Агафон вырос законченным эгоистом. Но это была не его вина. Он не мог любить ни мать, жестоко обращавшуюся с ним с раннего, четырехлетнего возраста. Ни отца, который днем пропадал неизвестно где (неизвестно где и неизвестно с кем), вечером играл домино, винт бридж, покер, преферанс, козла, простого дурака, подкидного дурака, переводного дурака, дурака навалом, пьяницу, очко, спорт-лото и тотализатор в кибитках своих друзей-цыган-единомышленников, а ночью, проигравшись в пух, перо, пепел и прах возвращался домой бил посуду, рвал газеты, непотребно ругался с МариУУУУлой и заваливался в грязных сапогах на чистые простыни детской кроватки Агафона.

Не мог Агафон любить и многочисленных сводных братьев и сестер, которые с завидной регулярностью появлялись на чистых простынях малыша-озорника Агаши, мешая ему спокойно засыпать своими воплями, криками, писками, соплями и слюнями, а так же вовремя несмененными пеленками неизвестной иностранной фирмы, которые пропускали не только влагу, но и запахи неокрепшего детского организма. Мариола, скрывая от Агафона истинное положение вещей, говорила, что находит их в капусте… Не мог их любить Агафон. И не любил. Не видел Агафон в них родных черт. Не похожи они были на него- ни рожей, ни кожей. Поэтому, с завидной регулярностью появлявшись, с еще более завидной регулярностью они пропадали из кибитки молодых и резвых цыган. Зато на их месте появлялись- то мешок яблок, то мешок картошки, то просто- вещь-мешок, чтобы то ни было Агафон, будучи от природы экономистом, считал это выгодной бартерной сделкой, и только кочанов капусты никогда не было в мешках Агафона.

Итак, Агафон никого не любил, никого, только себя.

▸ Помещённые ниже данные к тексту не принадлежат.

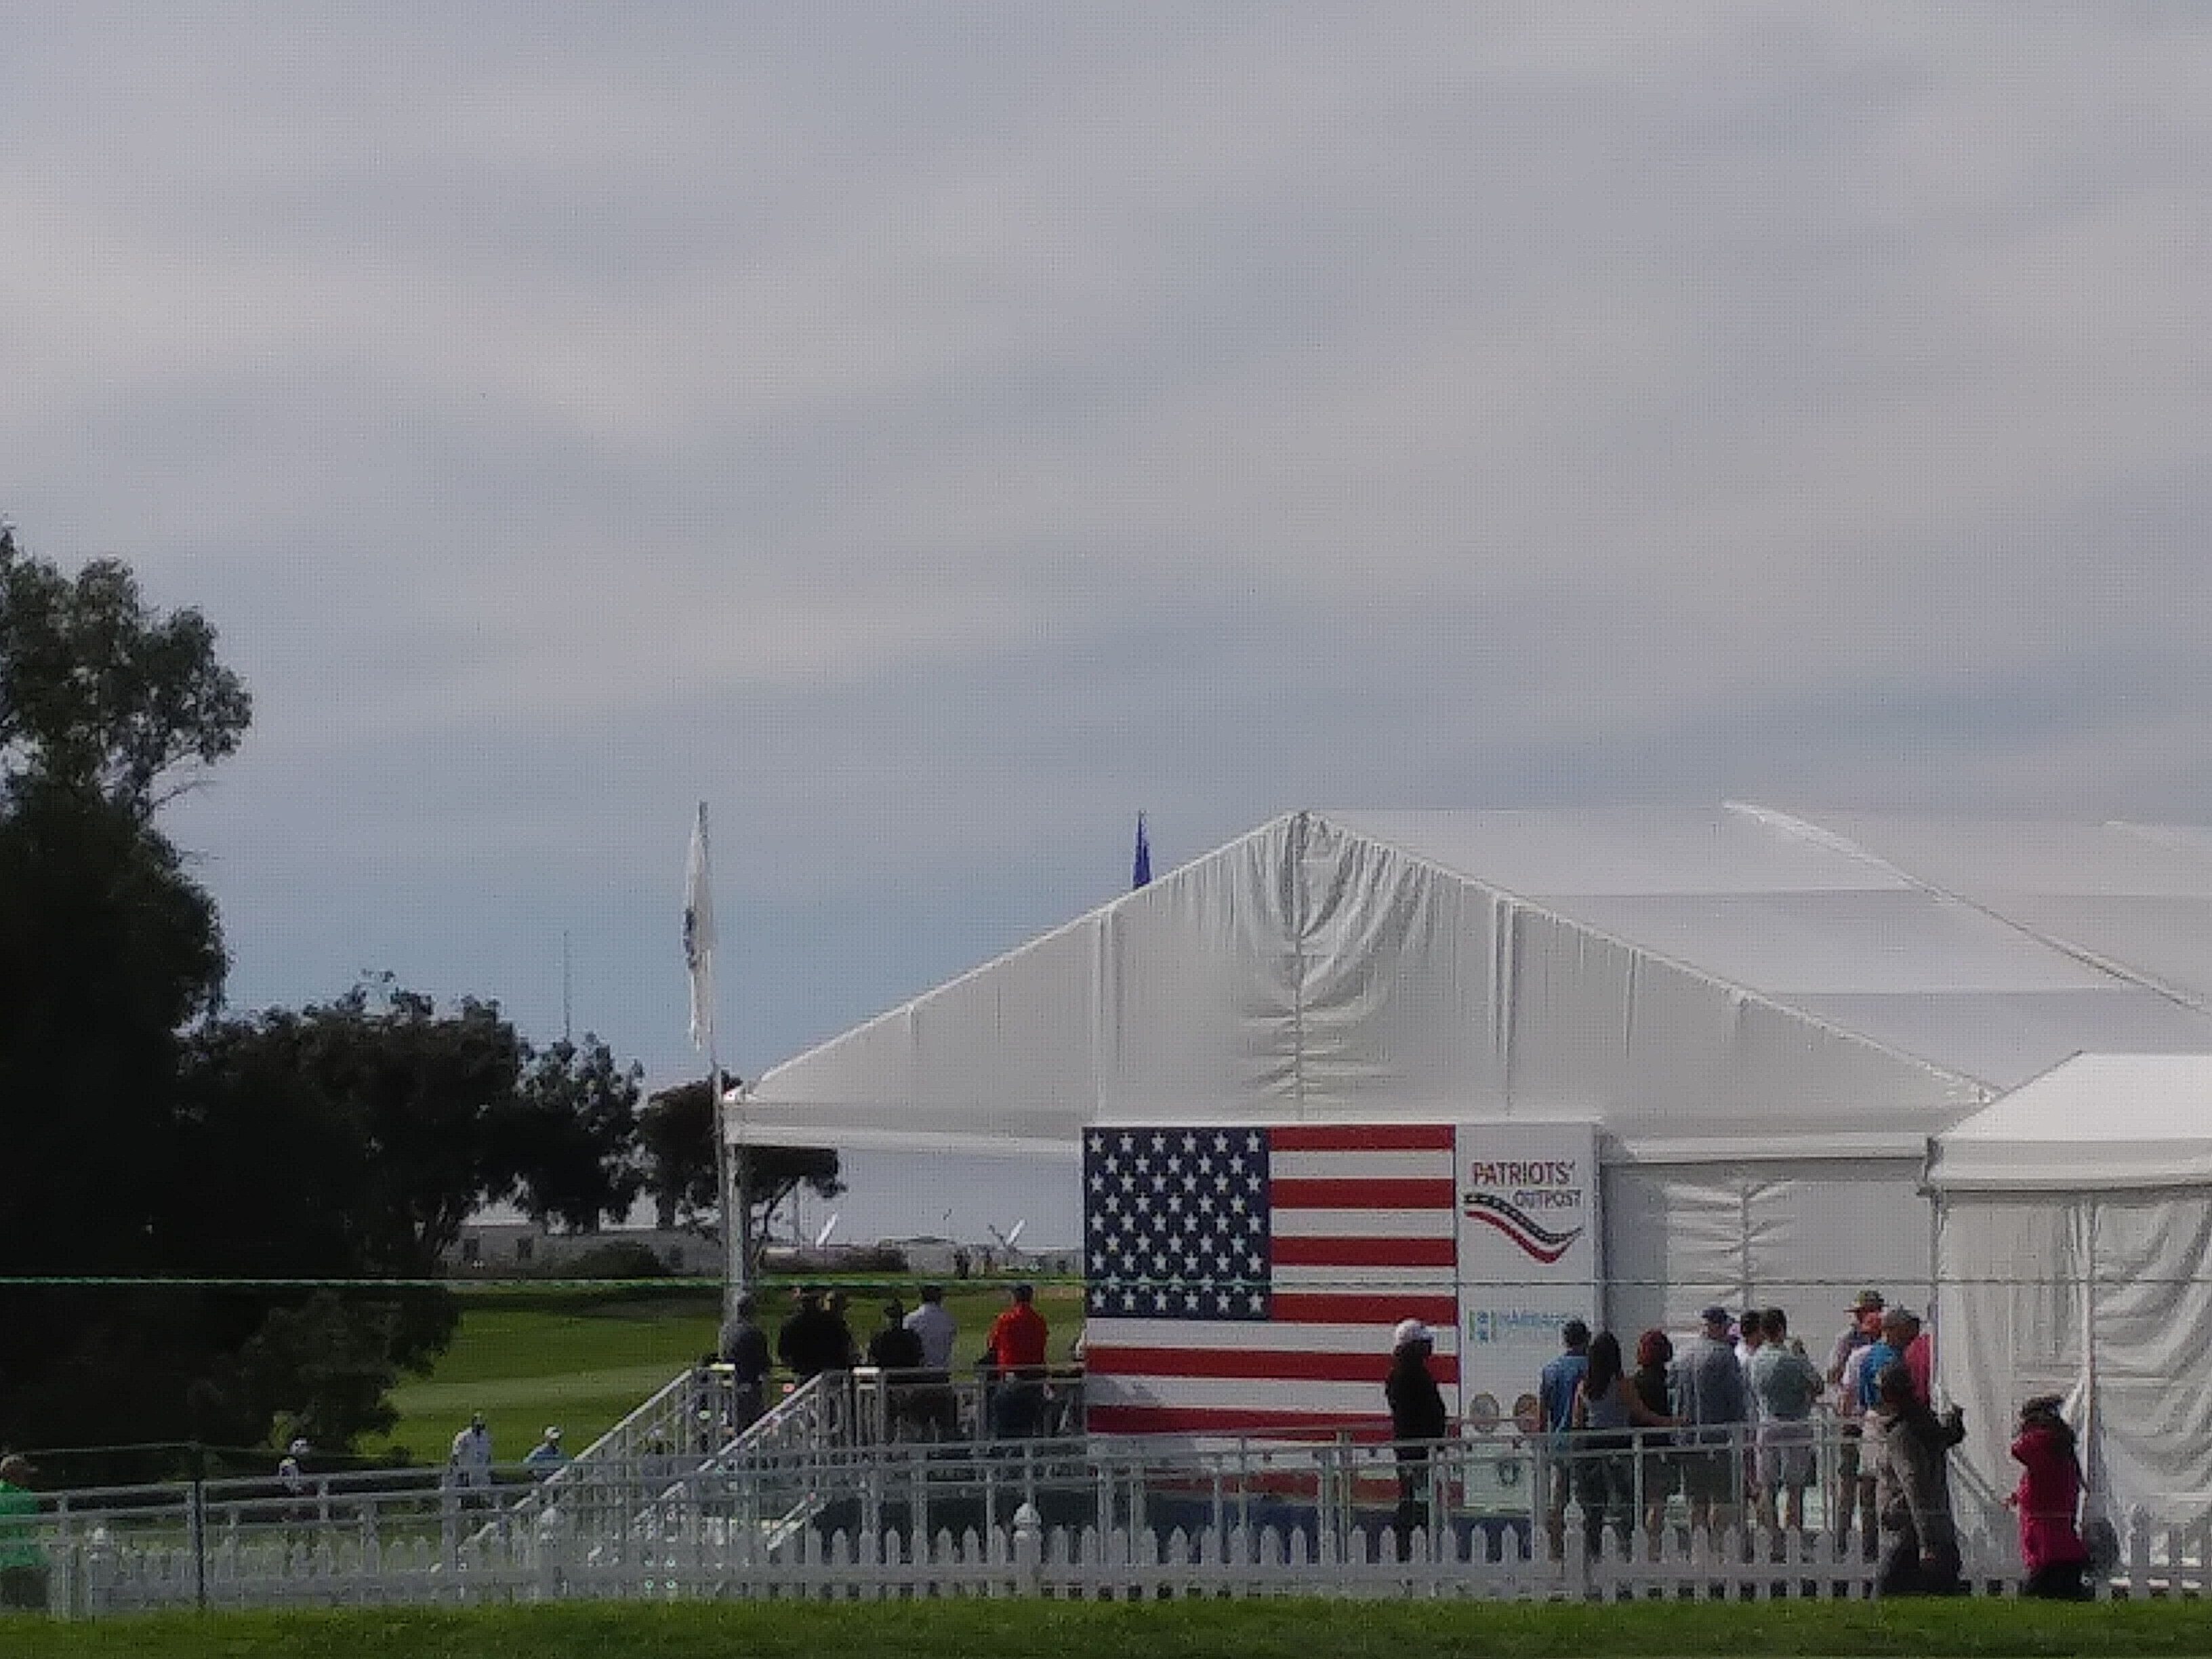 Patriots Tent. PGA Golf Tournament. Torrey Pines, California. Fitlifeandtravel.com

С детских лет Агафон рос разносторонне развитым цыганским ребенком. Он увлекался спортом: бегом, верховой ездой, плаванием, водным поло, конным поло, прыжками в длину, прыжками в высоту, метанием цыганского молота, метанием цыганского диска, стрельбой из ружья, стрельбой из винтовки, пистолета, лука, рогатки и прочими цыганскими спортивными игрищами. Уже в пять лет Агафон давал фору в прятках, вышибалах, казаков-разбойников, прыганию через скакалку, лазанию по деревьям, переплытию рек, озер, каналов, спортивному ориентированию на незнакомой местности, построению азимутов, составлению маршрутов любому цыганскому пацаненку в возрасте от трех до тринадцати лет…К 13 годам он хорошо изучил территорию проживания табора, все ее возвышенности и низменности, горные хребты и межгорные котловины, леса и поля, реки и речушки, пруды и заводи, дороги и дорожки, тропки и тропинки, весь, весь рельеф этого сурового, но благодатного края, который образовывался в течении многих тысяч, а может и миллионов лет под воздействием сближения и столкновения отдельных крупных литосферных плит, деятельности поверхностных и подземных вод, силы тяжести, вулканизмом, древних оледенений, землятрясений, геологов, археологов, Гринписа, простых смертных, и, лишь одно место Агафон боялся и почти никогда не ходил туда. Это место в таборе называли Дивным лесом. Слышал Агафон сказки бабки Надынель Норбековны Недострахован – Незастрахован - Неперестрахован, в девичестве Негодован о том, что в лесу этом странным образом пропадает мужское население местного хутора, и, решил ходить туда изредка- по БОЛЬШОЙ нужде.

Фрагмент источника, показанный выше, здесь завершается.